The Centers for Disease Control and Prevention (CDC) recommends that newborns routinely use 1% silver nitrate, erythromycin or tetracycline eye drops or drops in each eye after birth to prevent neonatal gonococcal conjunctivitis. However these preparations No one can prevent chlamydia ophthalmitis. Newborns with untreated mothers who have gonorrhea have infections in other parts of the body in addition to the eyes; term infants should receive intramuscular or intravenous injections of ceftriaxone 50mg / kg, with a maximum dose of 125mg Due to the high proportion of penicillin-producing Neisseria gonorrhoeae found in many places, penicillin is no longer the first line drug for the treatment of gonococcal infections.

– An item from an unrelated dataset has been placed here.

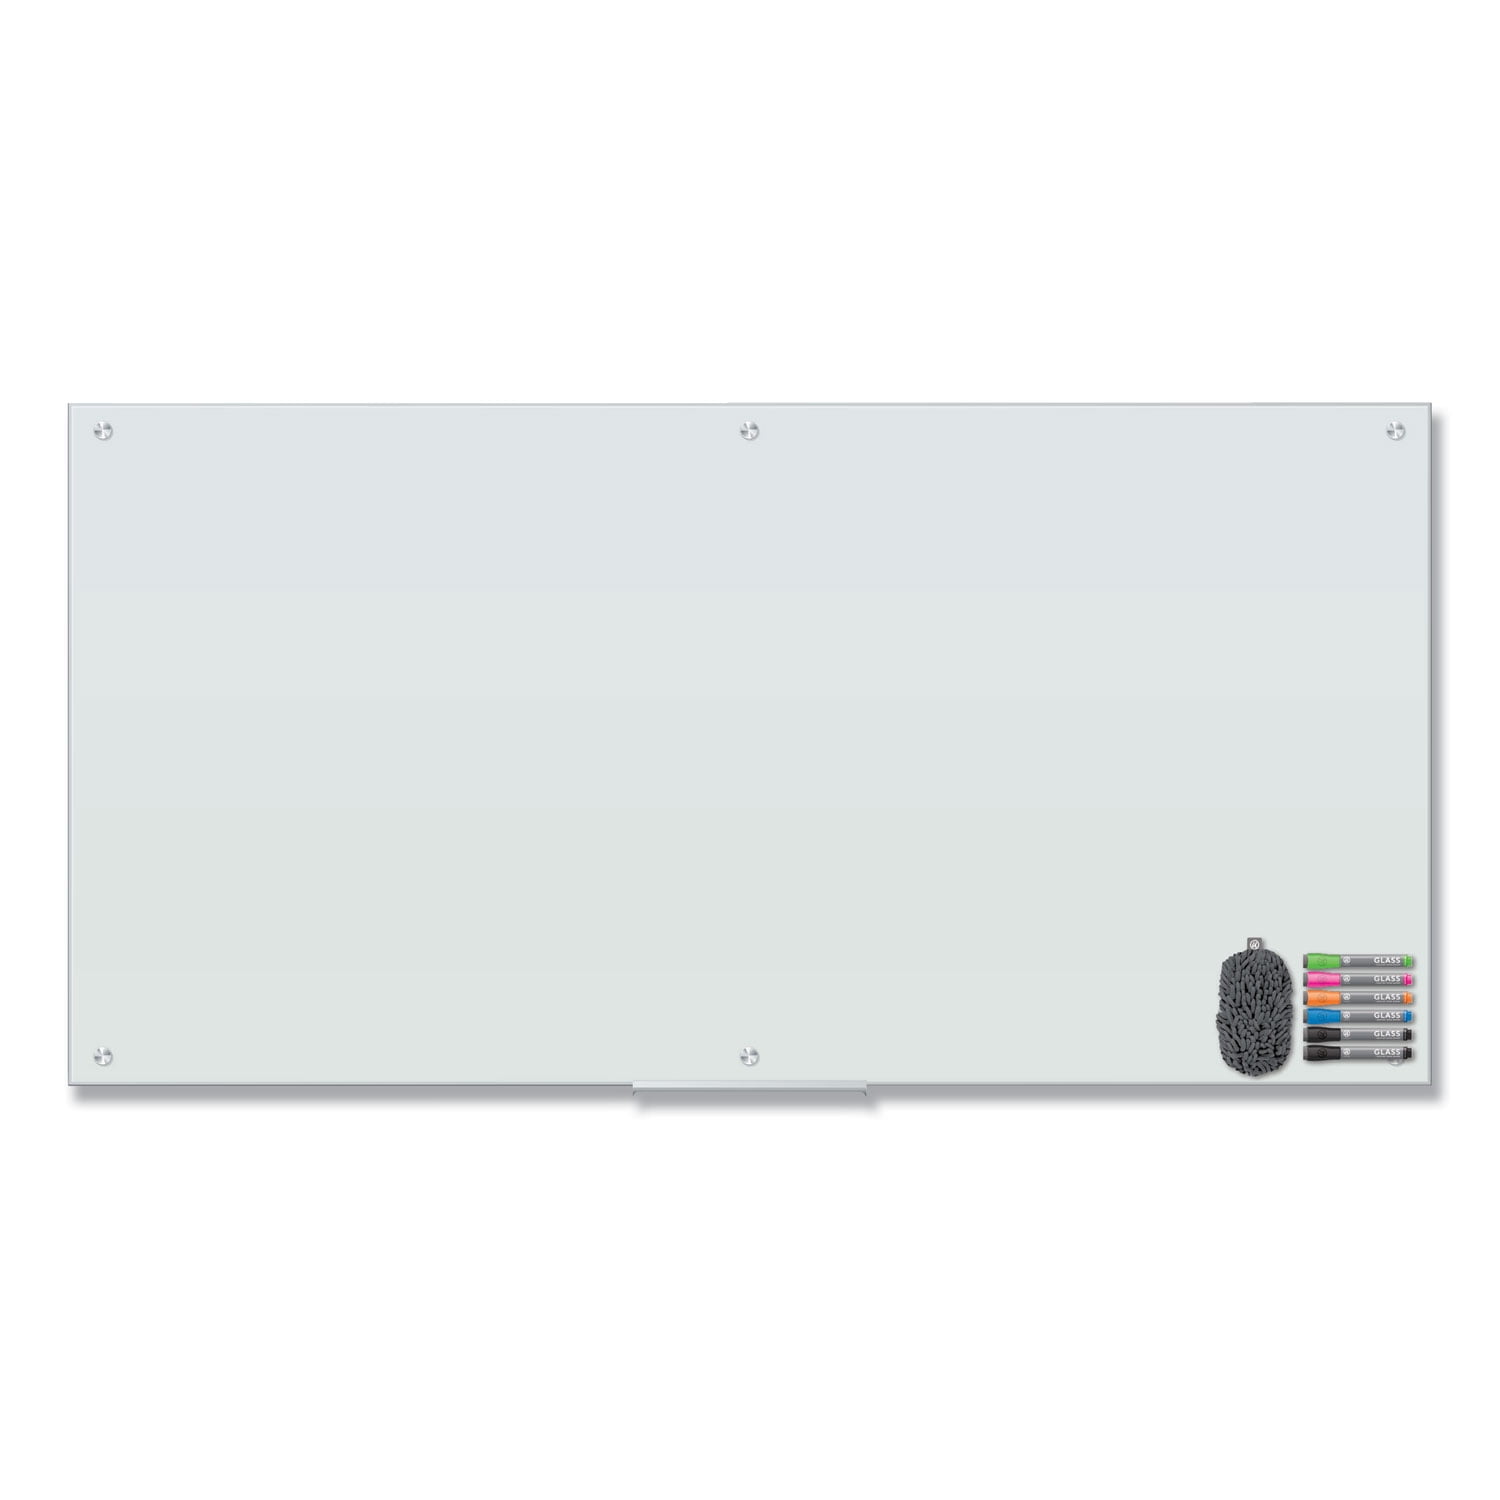 Large Magnetic Whiteboard, 72 x 40 inch Big Wall Mount White Board, Foldable Dry Erase Board with 1 Eraser 3 Markers and 6 Magnets, Aluminum Frame

Neonatal ophthalmitis treatment

At least 1/2 of newborns infected with chlamydia ophthalmitis also have nasopharyngeal infections, and some newborns develop chlamydia pneumonia, so systemic treatment is the best choice. Ethyl succinate 50 mg / (kg.d) is recommended ), Divided into once every 6 hours or every 8 hours for a total of 2 weeks of treatment.
Children with gonococcal eye disease should be hospitalized and given an intramuscular injection of 25-50 mg / kg ceftriazine; the maximum single dose is 125 mg (100 mg / kg can also be used). Repeated flushing of the eyes with physiological saline can prevent the adhesion of secretions. Separately The use of a surface antimicrobial ointment is not enough. If antibiotics have been used throughout the body, topical medications can be discontinued.
Conjunctivitis caused by other bacteria is usually effective on surface eye ointments containing polymyxin plus bacitracin, erythromycin, and tetracycline.
The treatment of herpetic keratoconjunctivitis is systemic acyclovir (30 mg / kg daily 3 times in 14 to 21 days; premature infants 20 mg / kg daily 2 times) and topical three Fluorothymidine eye drops or ointment or 3% arabinose ointment, once every 2 to 3 hours when the baby wakes up, and combined with iodoside ointment while sleeping. It is necessary for neonatal systemic treatment because Infections can spread to the central nervous system and other organs.
Because ointments contain corticosteroids, serious eye infections caused by Chlamydia trachomatis and herpes simplex virus can worsen, and this ointment should be avoided.